Overall, an increasing and significant loss of material was characteristic of the all-ceramic bridge constructions during the entire investigation period, with the frequency of abrasion being higher in the second half of the investigation than in the first 5 years. This finding may be due to the loss of mechanical strength of dental ceramics over time. This could be caused by the different dissolution rates of the components, which could lead to increased surface roughness and accelerate the process of abrasion due to fatigue reactions [41]. Favorable factors here include permanent changes in the pH value in the oral cavity, which can vary between 1 and 10 depending on the nutrition, the drinks consumed, and the bacterial metabolic processes [42], as well as the considerable temperature fluctuations of up to 60° [41, 43]. The resulting roughness in the surface causes exposure of the filler particles and creation of cavities, which both increases plaque accumulation and contributes to enhancing wear [3]. Moreover, the roughness of the ceramic influences the susceptibility of the antagonistic natural tooth enamel to abrasion [44]. In addition, the results indicate that the premolar and molar bridge pontics did not react congruently to wear processes. In the case of the molars, higher individual values were recorded at each follow-up examination.
This was also observed in another in vivo study from 2008, in which crowns made of lithium disilicate were examined regarding their abrasion behavior by means of laser scanning the corresponding plaster models. After 1 year, the mean reduction in the occlusal volume of the crowns was 0.19±0.06 mm3 for premolar restorations and 0.34±0.08 mm3 for molar restorations [45]. Furthermore, this appearance is observed not only in the clinical use of dental ceramics, but also in the context of other material classes. For example, the average wear of metal-free polymer crowns after an observation period of 2 years after insertion on premolars and molars was 44 µm and 84 µm, respectively. Moreover, a significant dependence of the degree of wear on the molar or premolar crown localization was deter-mined [46]. Our results on the average loss of -38 µm for the premolars and -46 µm for the molars were also significantly lower after 3 years of examination. The reason for this could be the occlusal surface, which increases in size with the molar region, resulting in a more pronounced chewing force in the distal part of the jaw [47]. In addition, the occlusion has a significant effect on the process of wear [9].

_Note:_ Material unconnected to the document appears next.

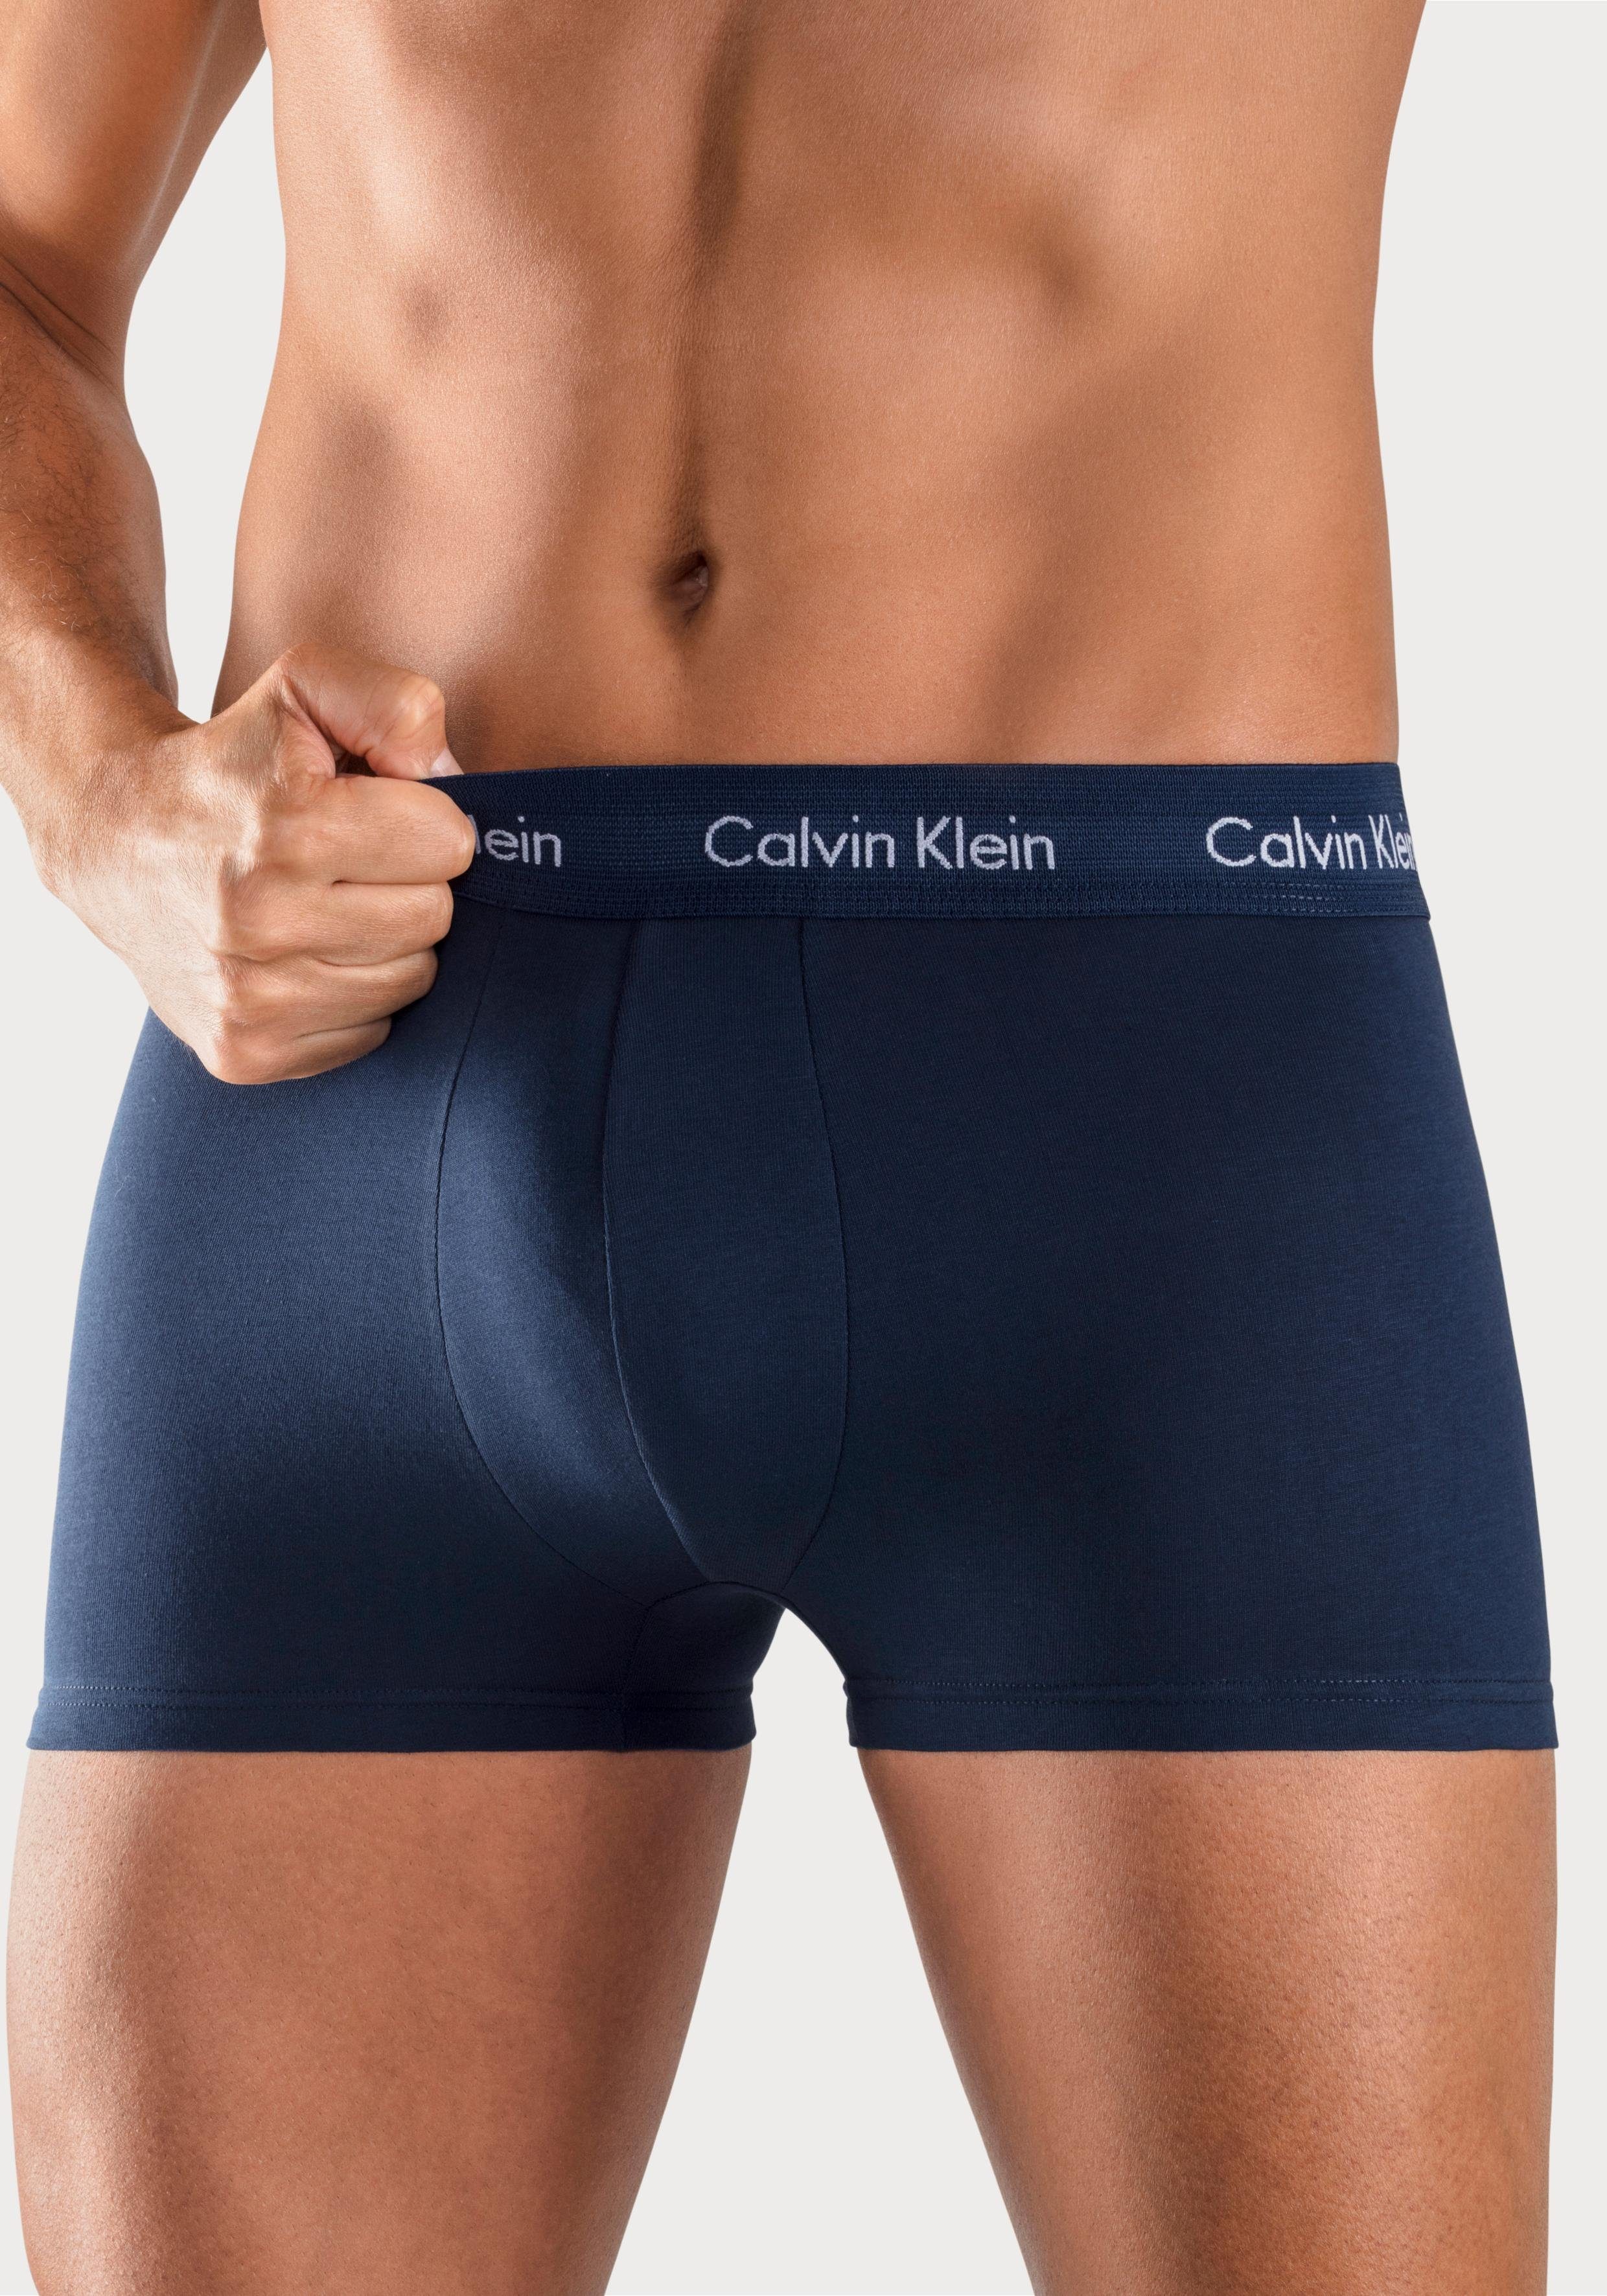 liefdadigheid Luchten Appartement Calvin Klein Boxershort in blauwtinten (3 stuks) online verkrijgbaar |  LASCANA
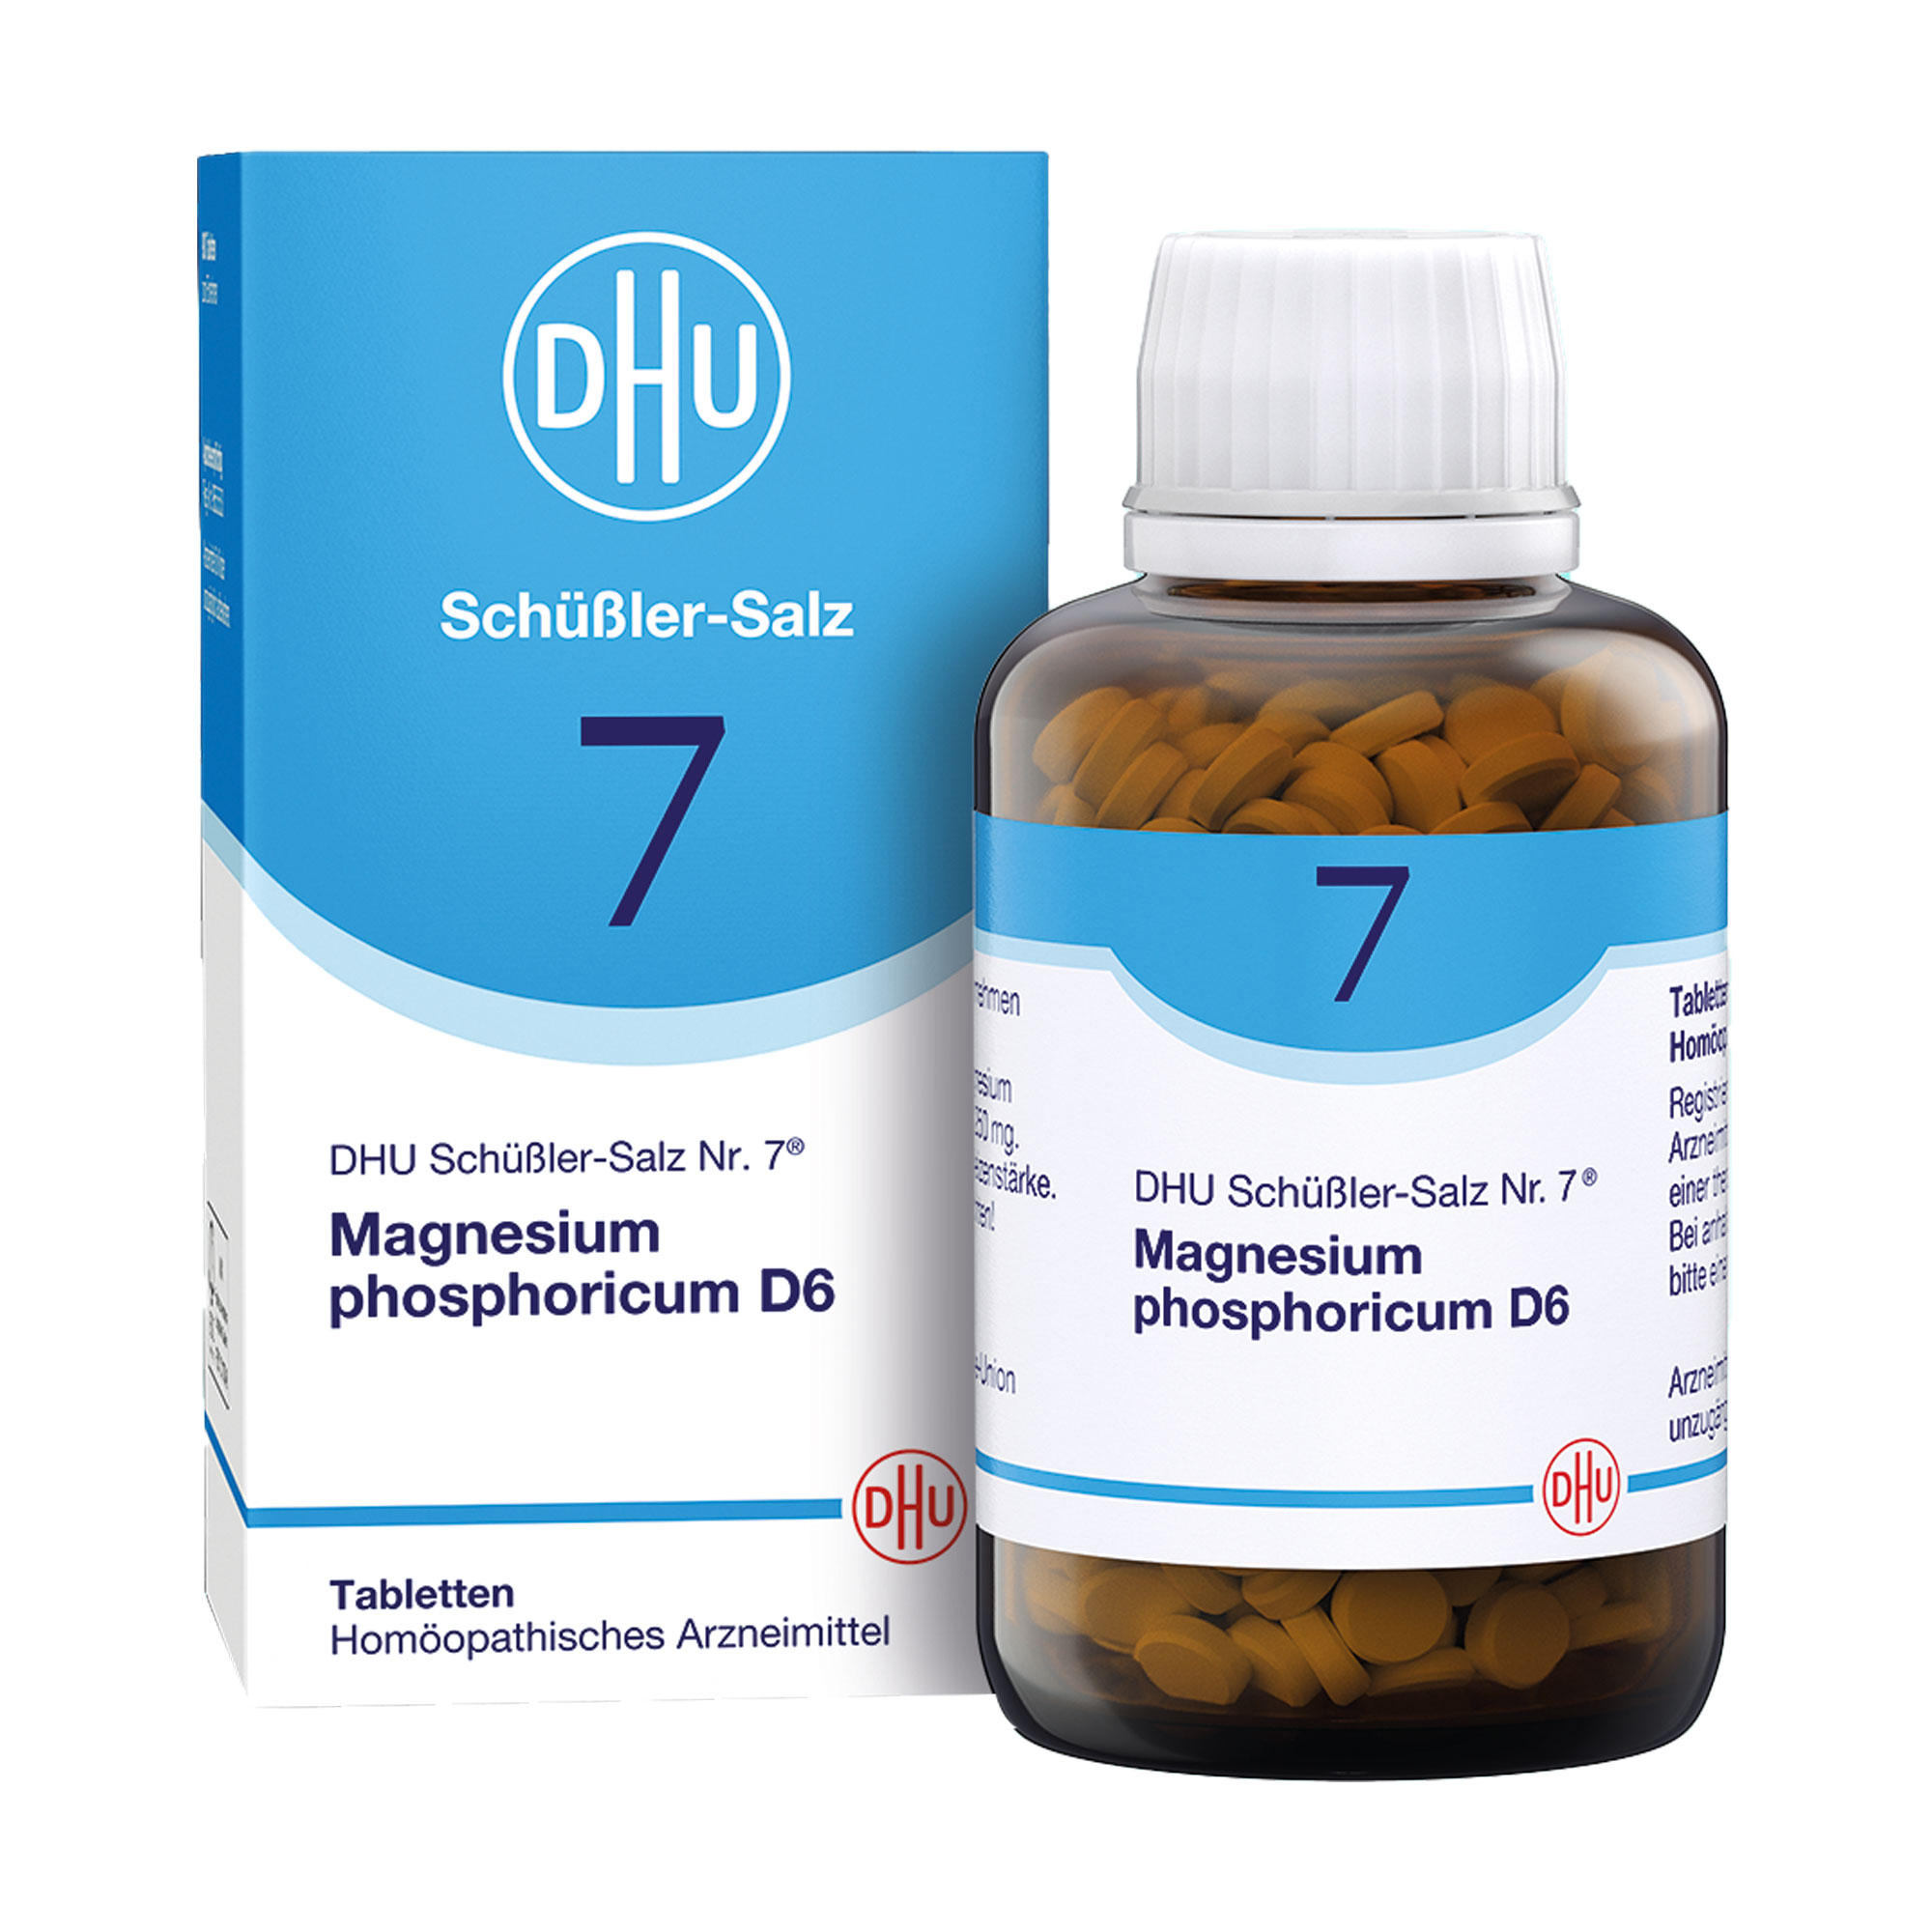 Homöopathisches Arzneimittel mit Magnesium phosphoricum Trit. D6.

The fact that abrasion in general is a progressive phenomenon [9] has also been confirmed by other studies that have dealt with the wear behavior of teeth and restorative materials. An example of this is the study by Mundhe et al., in which a comparable study design was used to investigate the wear of the natural, antagonistic tooth enamel in response to definitively cemented crowns in the opposing jaw on a ceramic and metal-ceramic basis in order to investigate the effects of a restoration material used in the oral cavity on the natural tooth enamel. The maximum linear wear was determined by means of plaster models obtained from impressions, which were subsequently digitized using a 3D white-light scanner. The results confirmed that significant wear occurred over time, though the investigation period was only 1 year [48]. Furthermore, a current in vivo study by Esquivel-Upshaw et al. used a 3D laser scanner to illustrate occlusal loss of material not only on monolithic zirconium and metal-ceramic crowns, but also on natural teeth. After 1 year, no significant differences were observed in the wear behavior of the different materials and the natural enamel [49]. In addition, a number of in vitro studies have evaluated the wear potential of various materials. For example, Zurek et al. recording the volume loss of zirconium and lithium disilicate ceramics after a chewing simulation using white-light interferometry as a non-contact, optical method of measurement and a scanning electron microscope. A significantly higher loss of material was recorded for the lithium disilicate samples, with a low abrasiveness of zirconium oxide [36]. D'Arcangelo et al. also carried out an in vitro investigation of the wear resistance of various ceramics under masticatory simulation against a test body made of zirconium oxide. The loss of vertical dimension and the volume decrease were recorded with a 3D scanner [50].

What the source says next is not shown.